Ayase/MD5 Collisions

From Bibliotheca Anonoma
Revision as of 00:10, 5 September 2019 by Baystdev (talk | contribs) (Adds example archived collision)
(diff) ← Older revision | Latest revision (diff) | Newer revision → (diff)

In recent years, a variety of mechanisms for generating md5 collisions have been made practical and well-publicised. More recently still, practical methods have been found to exploit these exploits with media files. A good demonstration of how broken md5s are is animated "hashquines" [1] [2], which use md5 collisions to display the animated GIF's own md5 hash.

4Chan and its archives depend on md5 to a certain extent for identifying unique media files. 4Chan uses md5 in its spam detection process (and elsewhere), and Asagi-based archivers use the "uniqueness" property for deduplication.

MD5 Vulnerabilities[edit]

There are two forms of the MD5 collision exploit discovered so far: a "chosen-prefix" and an "identical-prefix" collision mechanism.
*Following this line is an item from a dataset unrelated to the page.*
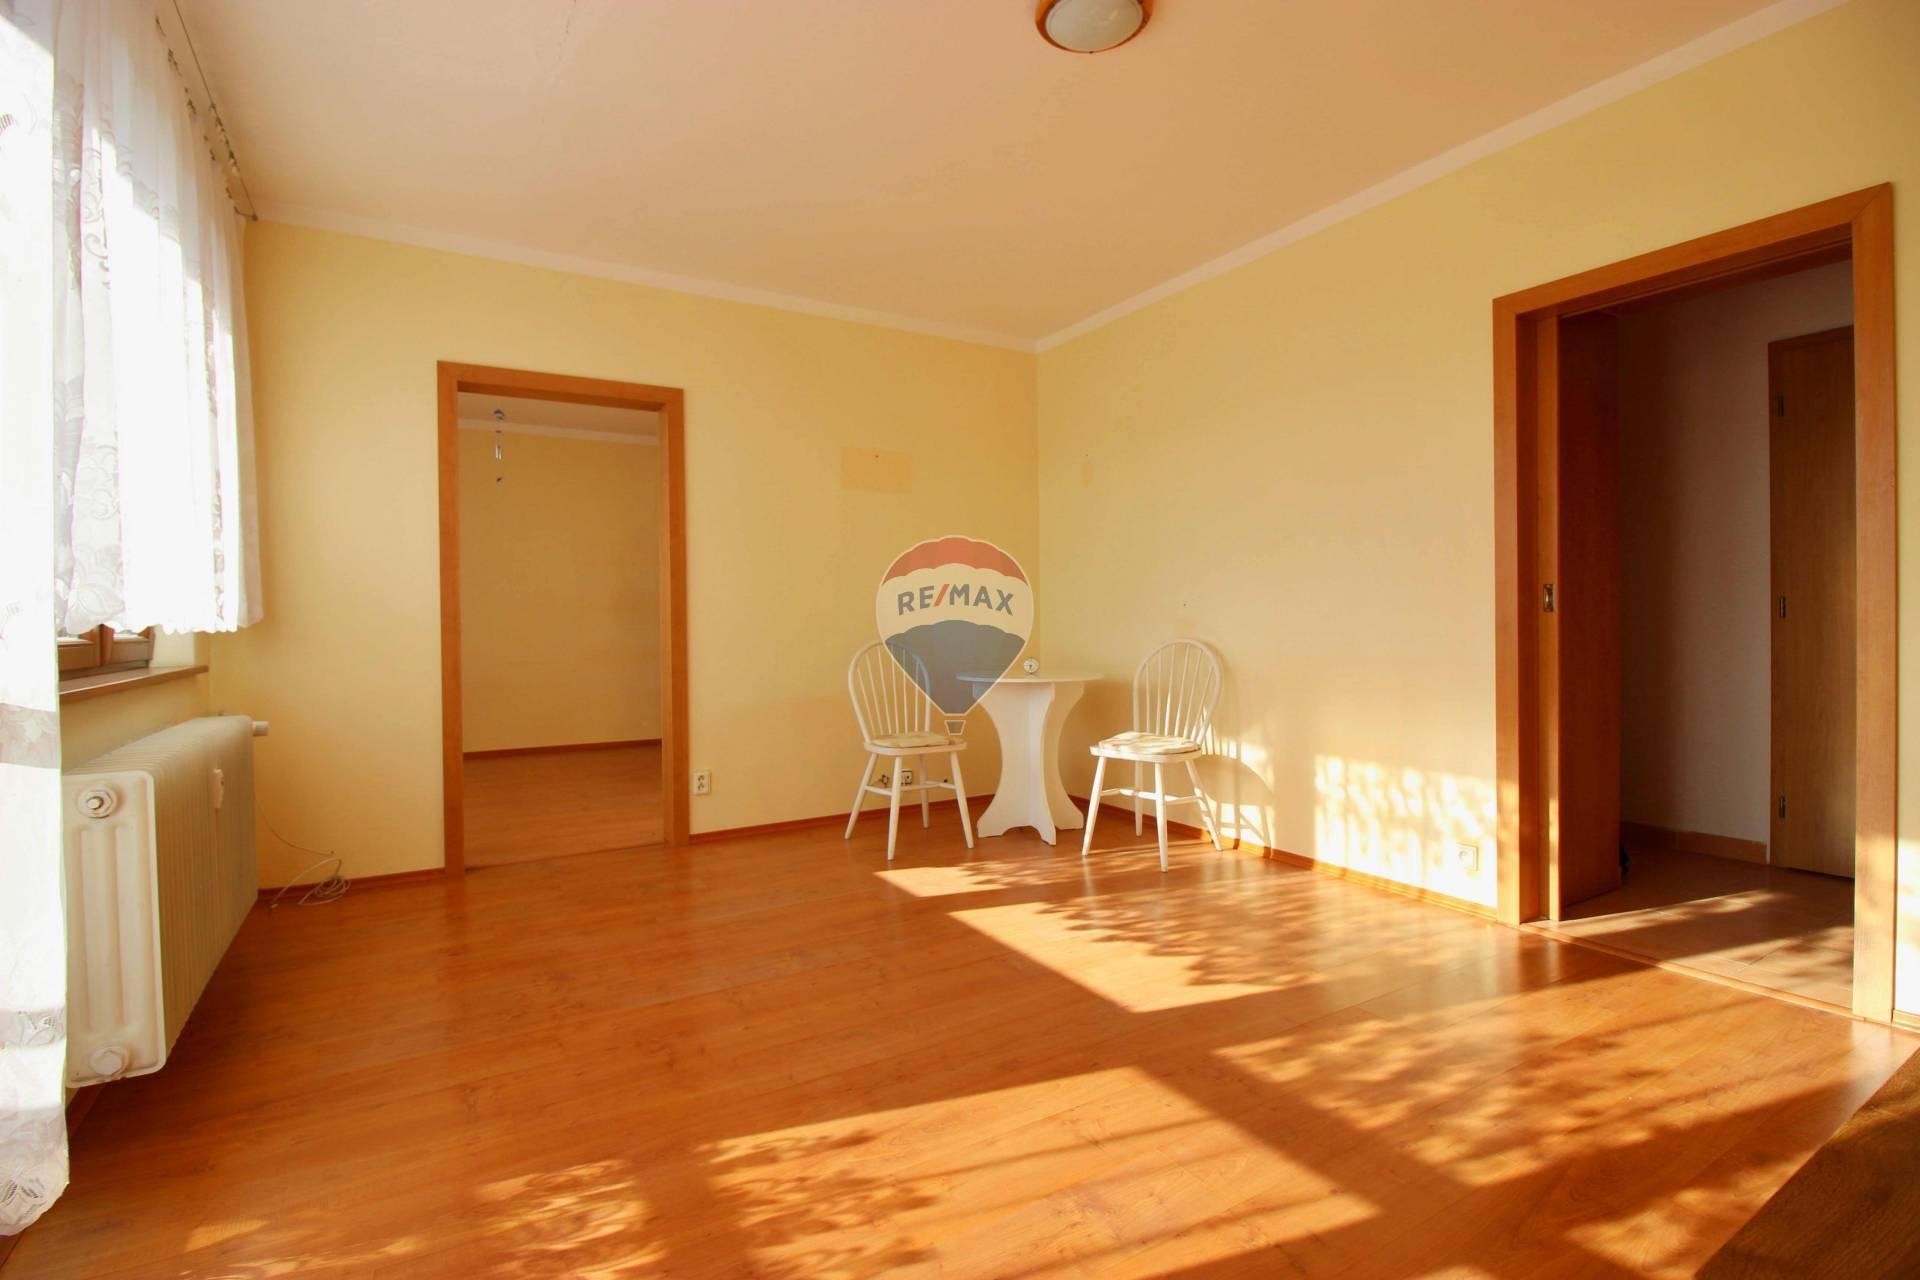 PREDAJ 3 izbový byt (72 m2), Tematínska ulica, Nové Mesto nad Váhom

  • The "identical-prefix" style of exploit inserts "collision blocks" within otherwise identical files to generate md5 collisions. Files generated with this style of collision have been demonstrated to pass through any 4chan post-processing steps without alteration. 4chan and its archives are vulnerable to at least gif md5 collisions, and probably to exploits crafted for other file formats as well. For more information on identical-prefix collisions, see this explanation/example and this discussion on hash collisions in various image formats. Here's an example of an archived collision, using some of corkami's example images. Both images show in the image search because Asagi deduplication is per-board.
  • The "chosen/fixed-prefix" exploit allows for an arbitrary pair of chosen files to be appended with "collision blocks" until they share the same md5. More info on this style of collision can be found here. This style of exploit can be countered on the backend by removing bytes past the media file trailer (a pattern signifying the end of the file), and it seems that this is part of the post-processing 4chan does on media upload.

The existing types of md5 collision exploits are not known to pose a major risk to either the main site or its archives, because they can only be performed intentionally by an "attacker" who must generate and post both pieces of media. However, they do introduce a quirk which has a minor impact on the integrity of the archive:

  • Hiding images from archives: a user can post two md5-colliding images to the same board with a delay, and the second image will never be archived by Asagi-based archives. This is thanks to the md5-based deduplication mechanism which it uses, which will skip downloading an image if its md5 is already present in its database (the 4Chan API has an md5 field). This exploit is somewhat concerning since it prevents 100% fidelity at the post level: [the wrong image will be linked in the archive].

Neither of the above types of attacks are pre-image attacks; weaponizable pre-image attacks would pose a much larger risk to the mainsite and archives. If semi-arbitrary images could be generated with the same md5 as another arbitrary image posted by another user, automod or mod systems relying on media hashes could be gamed to ban non-offending users or media. e.g. a user could post an image, and then another user could generate an image with illegal or ban-worthy content sharing the same md5 as the first user. The first user or media file could end up banned from the mainsite and/or archives, along with the offending user/media. Note that this scenario is completely theoretical, and even if a pre-image attack were to exist, it would also need to be very flexible to be weaponized in this way.

Mitigations[edit]

A way to eliminate the effects of md5 collisions on the archive side would be to replace usage of md5 hashes with a more robust type (probably SHA256). This would have the following consequences:

  • The archiver would need to download every image it encounters, instead of doing a deduplication check.
    • The current deduplication process is to only download if the main site API md5 field does not match the md5 of a previously downloaded image.
    • Since the main site API does not have an SHA256 field, the image would need to be downloaded and the SHA256 generated locally (with any associated performance penalty for the hashing).
    • As a result, the server's media download rate would need to go up a bit (increased archive download bandwidth and Cloudflare etc. rate exhaustion).
  • Importing image dumps would require reprocessing.
  • If the hash is to be used to implicitly address media files (one of several methods), a new field would need to be added to the archive DB/API.

The gist is that it would add quite a bit of complexity to handle a small number of deliberately-introduced colliding images (perfect vs. 99.999999% integrity).

OR the archiver could do away with deduplication altogether, and use up a ton more storage while also needing to redownload identical images. This would be simpler, but it's not really an option since the archivers are very cost-sensitive.

Other workarounds have been proposed to evaluate media file uniqueness before downloading, i.e. using other fields in conjunction with the md5, but no valid solution has yet been found.

  • Using the filesize in conjunction with the md5 is no better than using just the md5, since the known collision attacks generate files with the same filesize.
  • Unique thumbnail hashes (requiring a much smaller download than the full-size media for verification) are not a guarantee of uniqueness either, since colliding gifs can have the same first frame, and the first frame determines the thumbnail.